Esme Turla has been teaching for four years. After her chemistry degree from Southampton and supply teaching, she got a job at Gumley House School, an 11-18 girls' RC comprehensive in Richmond, Surrey with 1,100 pupils. Thirty are studying chemistry in the sixth-form.

"I had to teach myself chemistry after I switched from A-level humanities," Ms Turla says, "so I worked out how to break things down into basic parts and then build it back up again."

Working with different abilities across different age groups is part of that same challenge, she says, and one which would keep her in the classroom rather than aiming for promotion.

When the Salters judges visited Gumley House, they were struck by the purposeful atmosphere. An Ofsted report noted how well developed the questioning is at the school, and how mature the pupils are in taking responsibility for their own learning.

"It's modern," Esme says. "It's find out for yourself."

Teaching tip: "Try everything. If one thing doesn't hit home, vary activities. If you sometimes feel you're hitting a brick wall, ask your technical team for help. Analyse what you are doing all the time. Don't be afraid to see when you've gone wrong - that's how you can improve.

"You need a tough skin to be able to say: 'Yes, I did that wrong. I can learn from it.'" Joanne Downing has been at Loughborough High School in Leicestershire for six years. "We teach separate sciences here, so I can teach chemistry - which I love and know about," she says.

Loughborough is an independent grammar school for 589 girls, aged 11-18. "They are well motivated, but they may not find chemistry easy," she says. "You can push the limits and try things out that less motivated pupils might find difficult."

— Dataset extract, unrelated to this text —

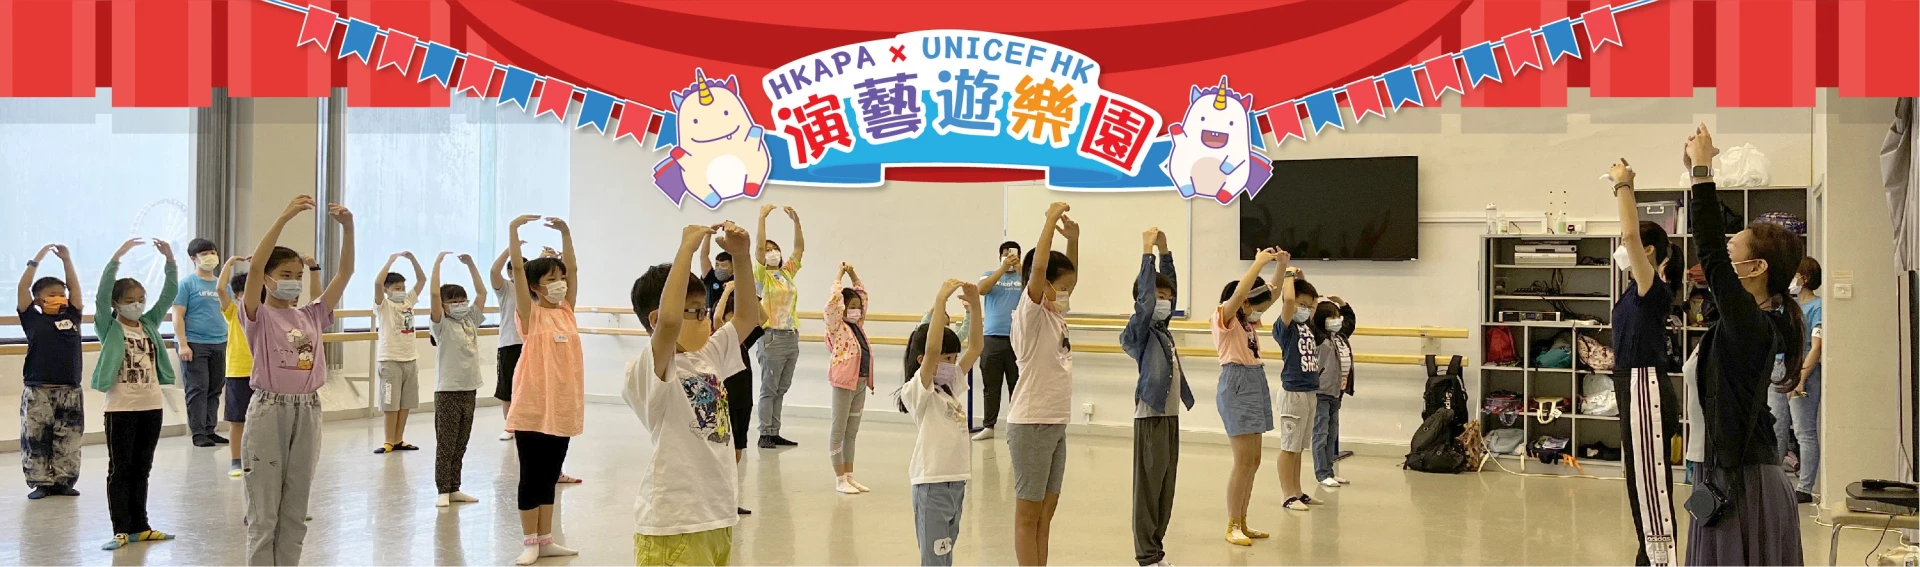 演艺游乐园 HKAPA x UNICEF HK

With GCSE classes of 15-20 and 40 pupils divided into three groups taking A-level, the staff-pupil ratio is enviable. Double science at GCSE and chemistry at A-level regularly show 100 per cent pass rates, with more than half the pupils scoring above B grade. Nearly half of the sixth-form now take chemistry.

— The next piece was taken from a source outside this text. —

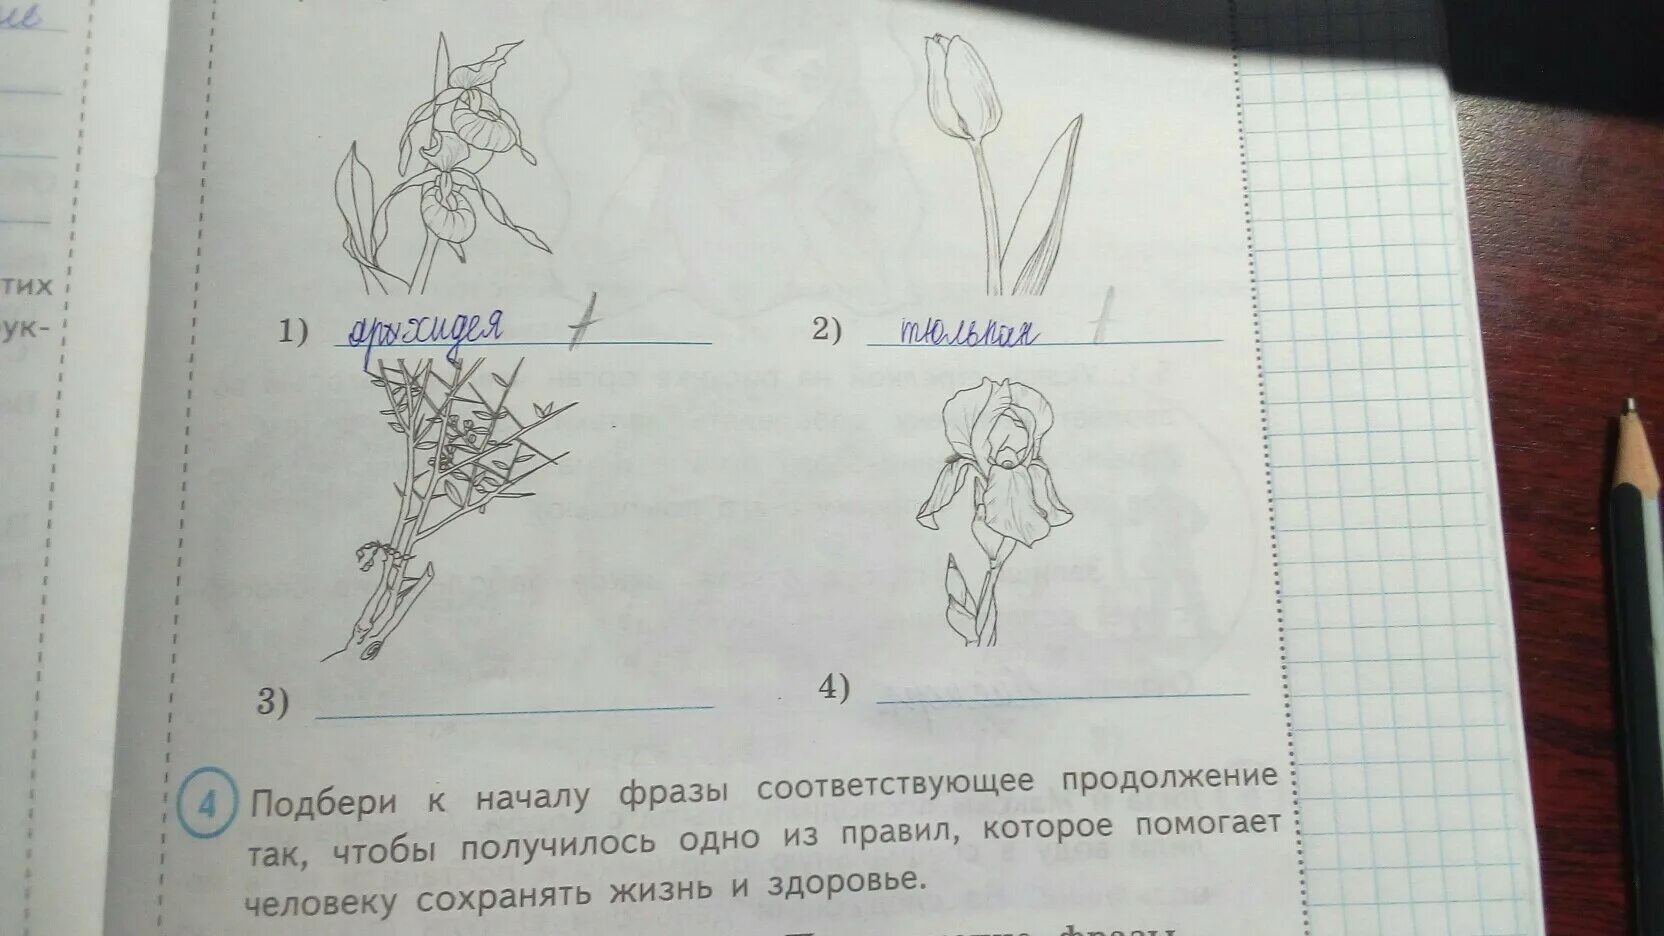 Рассмотри изображение ковыля ландыша тюльпана. На рисунках представлены изображения растений. На рисунках представлено изображение. На рисунках представлено изображение тюльпана. На рисунках представлены изображения тюльпана ириса верблюжьей.

Ms Downing uses arresting analogies. For instance, she explains bonding in solutions by asking: "If you have 10 boys and 50 girls in a disco, how likely is it for one girl to find a partner? But if you have 50 boys and 50 girls, how likely is it then?"

Salters judges saw a lesson on rates of reaction with Year 11. Students were quickly engaged by the iodine clock experiment in which the sudden change in colour from translucent to blueblack occurs at different times, depending on different concentrations of iodine.

"It's got that Wow! factor," she says. "They can't help themselves being impressed."

Once the visual interest was established, a CD-Rom helped to explore the microscopic world of particles colliding and the likely effect of increasing the concentration. Finally, the students were challenged to adjust their own concentrations until they could get the switch to happen in exactly one minute. One group did it to the second, disappointing others who had been pleased with 54 and 56 seconds.

Such moments, when students stream out chattering and excited, make her feel lucky, Joanne Downing says. "The reward comes from the students themselves, when the strugglers achieve understanding or the reluctant ones find a spark of enthusiasm."

Teaching tip: "Create an atmosphere in which the students feel confident, are not afraid to ask questions and are not afraid of being wrong. And always begin with a practical."